C'est ce qu'on peut comprendre d'une étude
effectuée pour le compte du Bureau du recrutement par
la firme Score, spécialisée dans l'analyse des
fluctuations de clientèles dans les établissements
d'enseignement. Cette étude, qui sera remise le 25 novembre
prochain aux directeurs de département et aux doyens de
faculté, a pris en considération un certain nombre
de variables afin d'estimer les variations de clientèles.
Évidemment, le nombre de demandes d'admission n'est pas
un indicateur précis du nombre d'étudiants qui
seront autorisés à s'inscrire en 2002, mais cet
indicateur donne une bonne idée du comportement des futurs
candidats.
"Pour le recrutement, ce modèle
présente un intérêt multiple sur le plan
de la gestion et de l'intervention, commente Francis Marin, directeur
du Bureau du recrutement. Dans les cas où une baisse des
demandes d'admission est envisagée par exemple, on peut
entreprendre dès maintenant une campagne de promotion
très ciblée afin de contrer la diminution appréhendée.

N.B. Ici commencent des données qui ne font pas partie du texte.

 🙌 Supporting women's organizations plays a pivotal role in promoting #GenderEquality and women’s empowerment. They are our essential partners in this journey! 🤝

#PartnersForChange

Il s'agit d'un outil sans équivalent dans les autres universités
québécoises."
Plus de 80 programmes d'études ont
été regroupés à l'intérieur
d'une cinquantaine d'unités. La plupart ont donné
lieu à une projection détaillée, mais on
a dû renoncer à le faire pour une douzaine d'autres.
Les inscriptions au programme d'histoire, par exemple, sont en
dents de scie depuis 1992, de sorte qu'il est impossible d'en
déduire une tendance pour les années qui viennent.
Méthode sophistiquée
Gilles Carrier, qui a mis sur pied l'an dernier ce projet sans
précédent, s'est déclaré très
satisfait des résultats. Il faut dire que l'auteur de
l'étude et président de Score, Denis Savard, a
pu utiliser des bases de données à accès
limité pour compléter son portrait de la situation.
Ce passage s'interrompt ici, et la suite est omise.